For a public figure, Mazuz argued, what matters most is the fact of being convicted, not the precise charges. "Without the plea bargain, there would have been a two- or three-year trial, and no one could promise us how it would end. Israel would also have paid an image price, since such a trial would have garnered media headlines worldwide. That would have damaged the public interest."

Mazuz said that Katsav's attorneys had presented some new evidence at the pre-indictment hearing he held for them, but "the hearing was not a dramatic turning point and did not alter the picture. It merely sharpened the questions and problems we were already aware of. We knew all along that the case was complex and problematic from an evidentiary standpoint."

Rape charges dropped Mazuz on Thursday claimed there was sufficient evidence to charge Katsav with rape, even though both counts of rape were dropped from the plea bargain that Mazuz reached with Katsav's attorneys.

Speaking at a news conference, Mazuz said that the prosecution discovered "problems with the evidence" that raised doubts about its ability to obtain a conviction. This, he said, was a major factor in the prosecution's agreement to drop the rape charges.

Mazuz said the indictment will include one count of forcible indecent assault, stressing that this is a "serious criminal charge." The president will also be charged with sexual harassment and harassing a witness.

"The president will plead guilty to three charges and will receive a suspended sentence and be ordered to pay compensation to the complainants," Mazuz said, adding that while many other complaints had been filed against Katsav, most were either difficult to prove or the statute of limitations had run out.

According to the agreement, Katsav will plead guilty to forcible indecent assault against a complainant who worked under him when he was tourism minister. He will also admit to sexual harassment of another complainant who worked for him in the President's Residence. However, the indictment will include no charges relating to another employee of the President's Residence, A., who was the first to file a complaint against him.

Justice Ministry sources noted that the one felony to which Katsav will plead guilty - forcible indecent assault - carries a maximum penalty of seven years in prison. Nevertheless, the agreement says that the prosecution will ask the judges to impose only a suspended sentence plus payment of compensation: NIS 35,000 to the former Tourism Ministry employee and NIS 15,000 to the other complainant.

Katsav will also pay the state NIS 15,000 for silver goblets belonging to the President's Residence that he allegedly gave as personal gifts; in exchange, all charges relating to that offense will be dropped.
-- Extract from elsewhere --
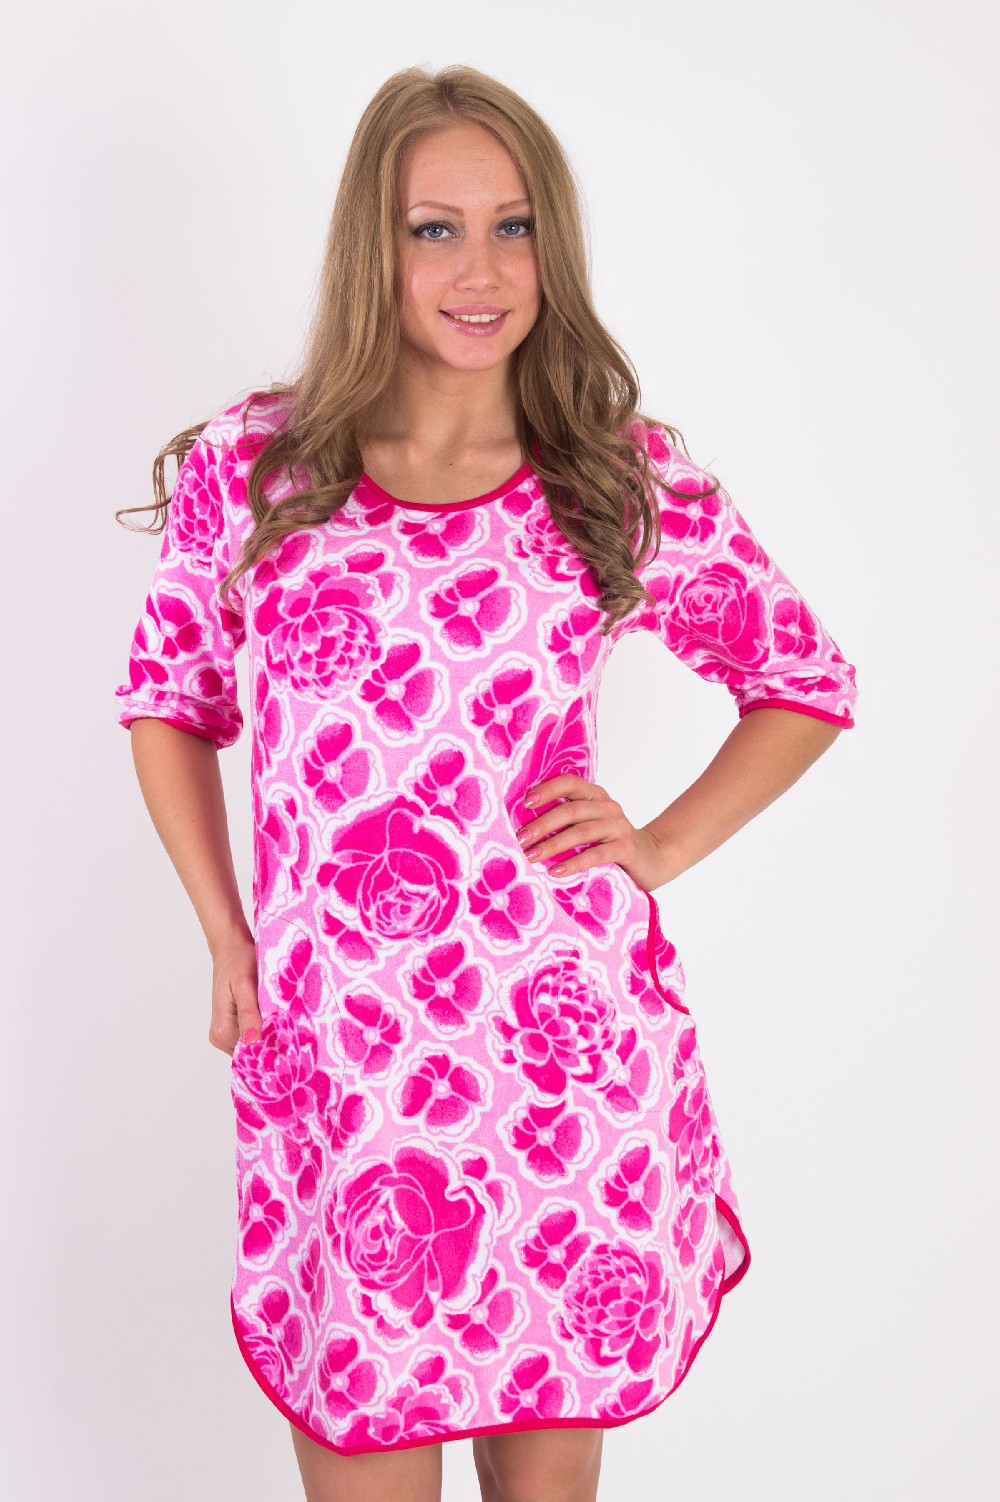 Сбор заказов. Женский трикотаж от Tailan ! Туники, водолазки, блузы, кофты, платья, ночные сороки , халаты и многое

The negotiations over the plea bargain began about a month ago, shortly after Mazuz's hearing for the president's attorneys. But Mazuz rejected the defense attorneys' initial proposal, which was to close the case in exchange for the president's resignation, as had been done in Ezer Weizman's case. He insisted that an indictment of some kind must be submitted, and that it must include both more than one sexual offense and more than one complainant, "to reflect the serial nature of the acts."

With regard to the Tourism Ministry employee in particular, he also insisted that the indictment show that Katsav had committed a large number of indecent acts over a period of time, rather than an isolated act.

Mazuz said he believes the agreement was in the public's interest. "This agreement minimizes the harm to the institution of the presidency," the attorney general said. "It was important to spare Israel the sight of a president on trial."